In Nu? What's New? Vol. 11 No. 10 | May 30, 2010, the E-Zone of Jewish Genealogy from Avotaynu, the editor, Gary Mokotoff writes:
Quote:
Jews of the Kaisiadorys Region of Lithuania is the first book I have seen written by a Lithuanian that admits Lithuanian Christians participated in the Holocaust. It explicitly states that local civilians, in addition to the German Einsatzgruppen, plundered and systematically murdered the Jews.

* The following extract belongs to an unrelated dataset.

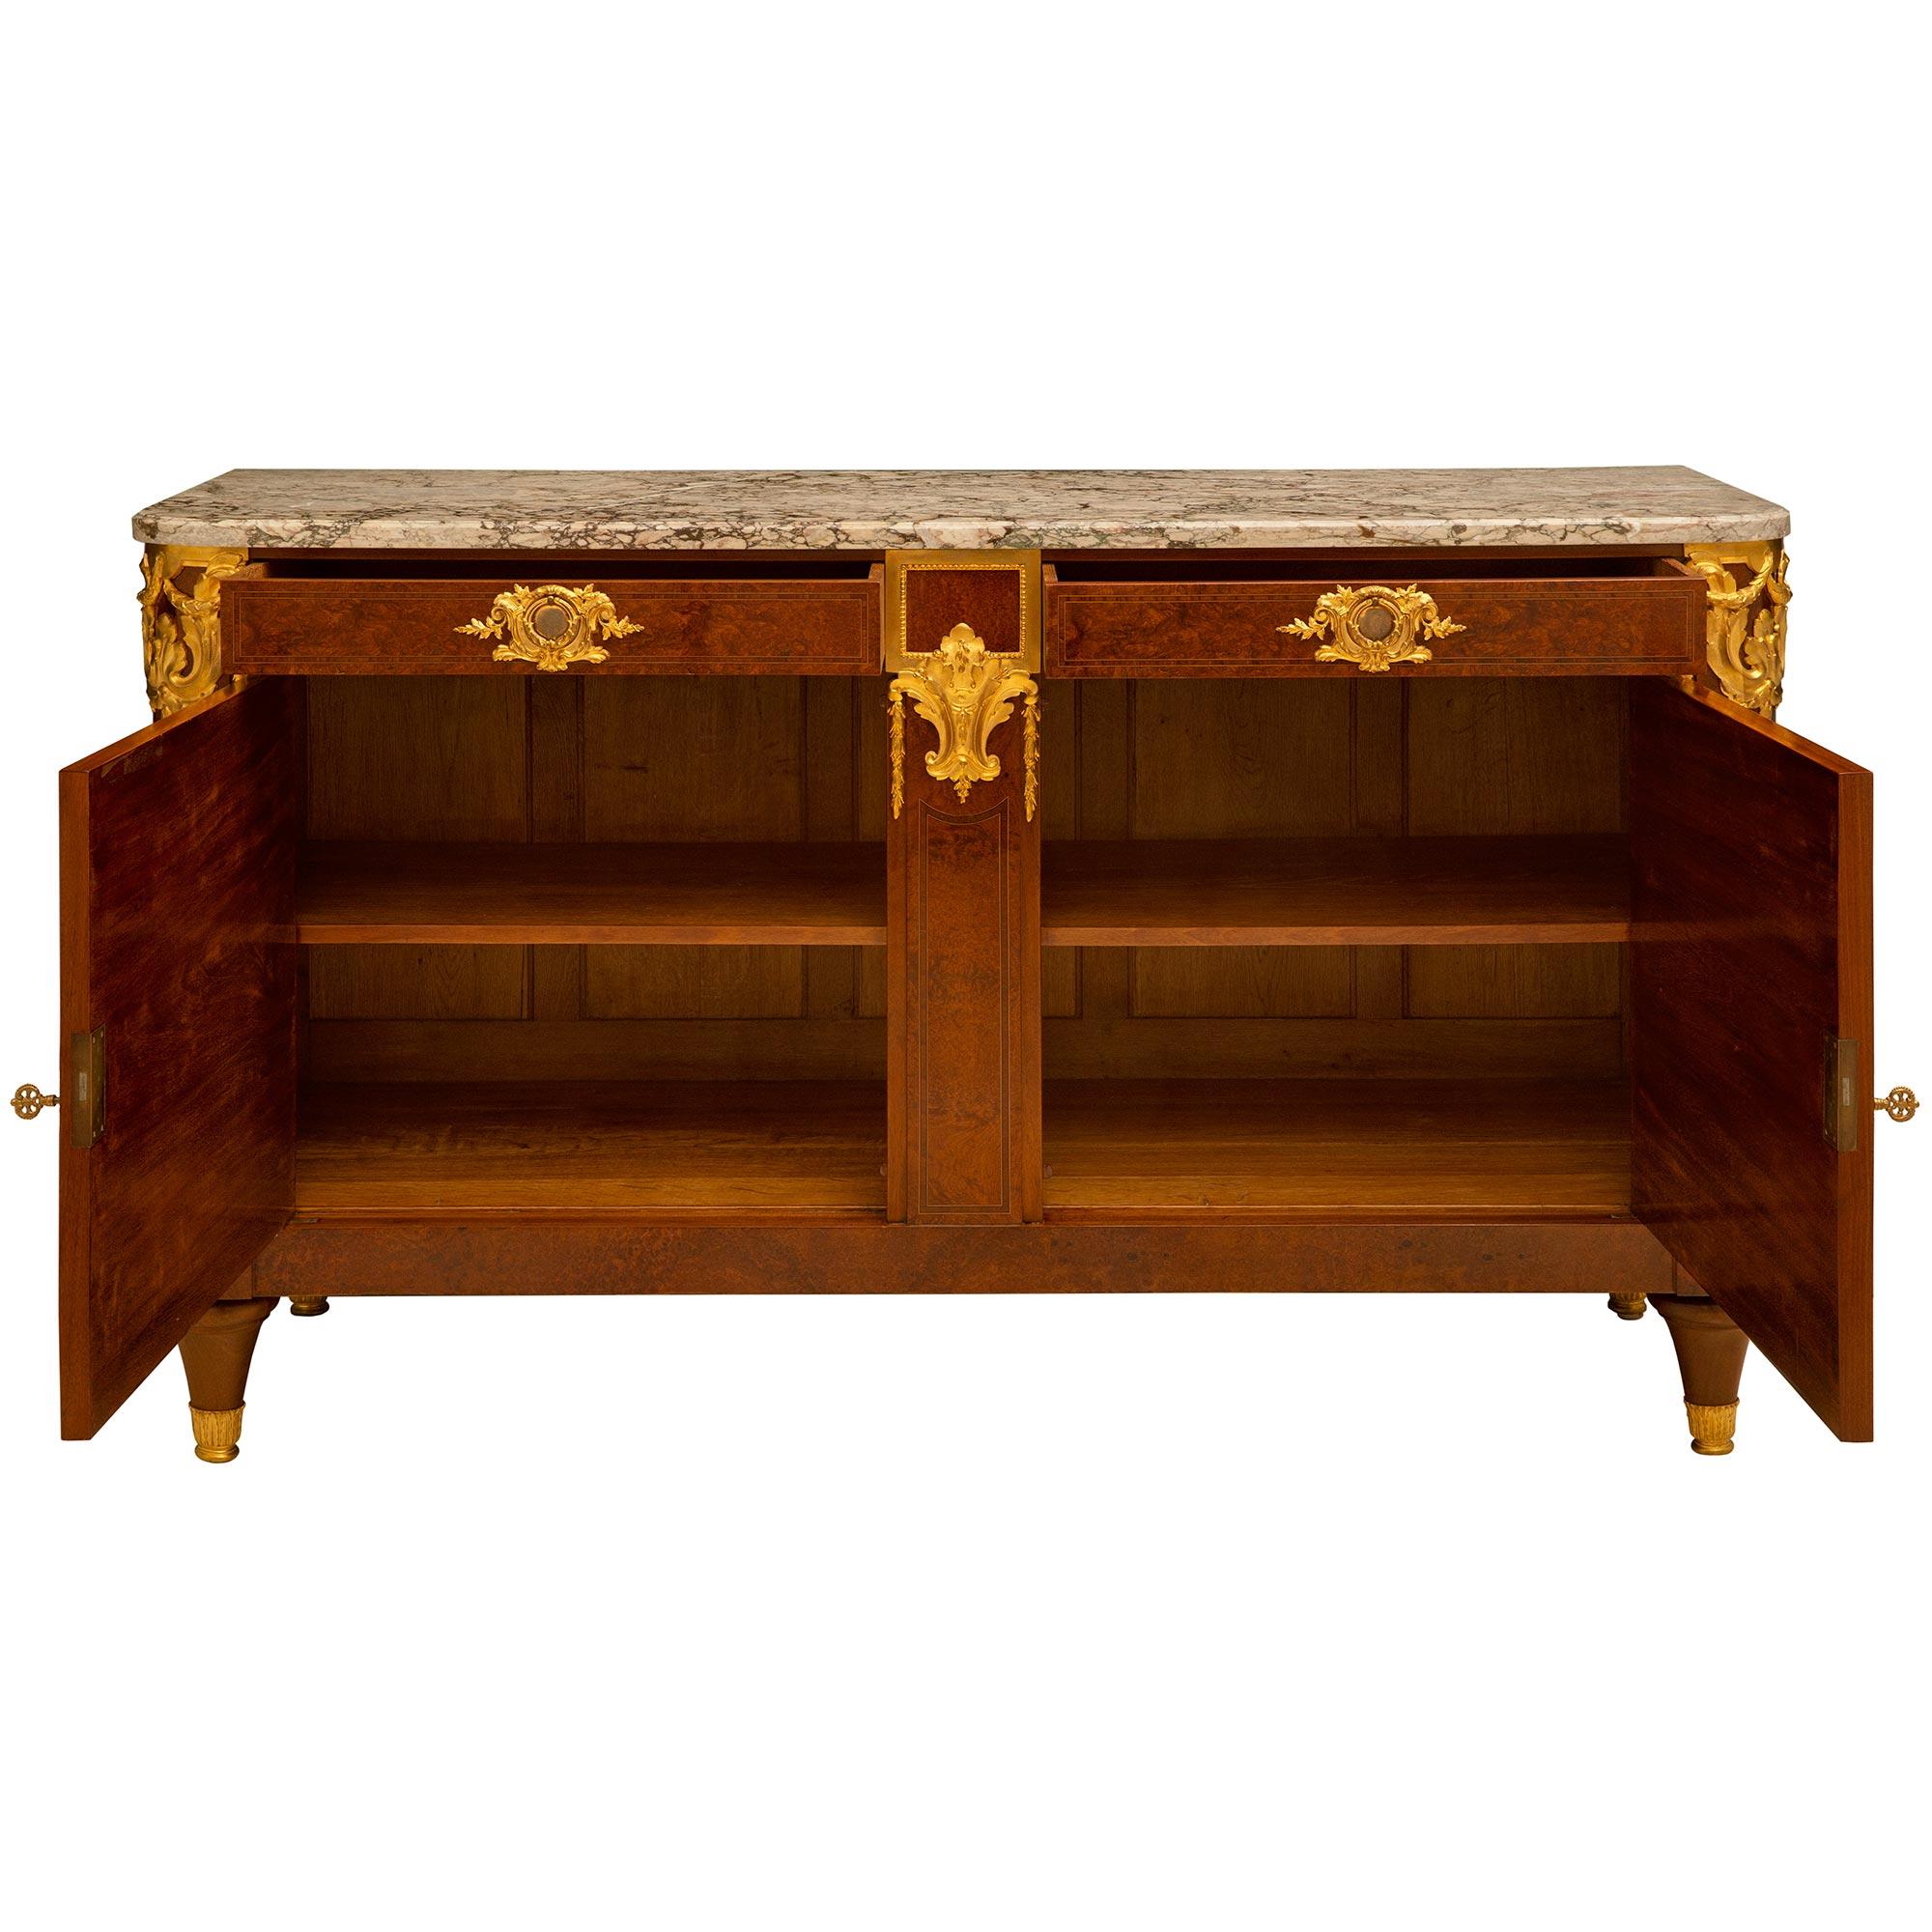 French 19th Century Empire Neoclassical Style Burl Walnut and Ormolu Buffet In Good Condition For Sale In West Palm Beach, FL

Yet the author falls into the trap that is one of the underlying seeds of anti-Semitism in Eastern Europe through the centuries; that Jews are thought of not as part of the local population, but a group apart. The author refers to two groups of people who lived in the area: Lithuanians and Jews. Not Lithuanian Christians and Lithuania Jews, but Lithuanians and Jews. This was dramatically brought to my attention by the caption in one of the more than 200 pictures in the book. It originally said, “Jews and Lithuanians form the junior football team in Žiežmariai circa 1937.” I had the author change it to “Jews and non-Jews form the junior football team in Žiežmariai circa 1937.” In my request to him, I commented that had this been a book about the Jews of Philadelphia, would he have referred to the two groups of people as Philadelphians and Jews?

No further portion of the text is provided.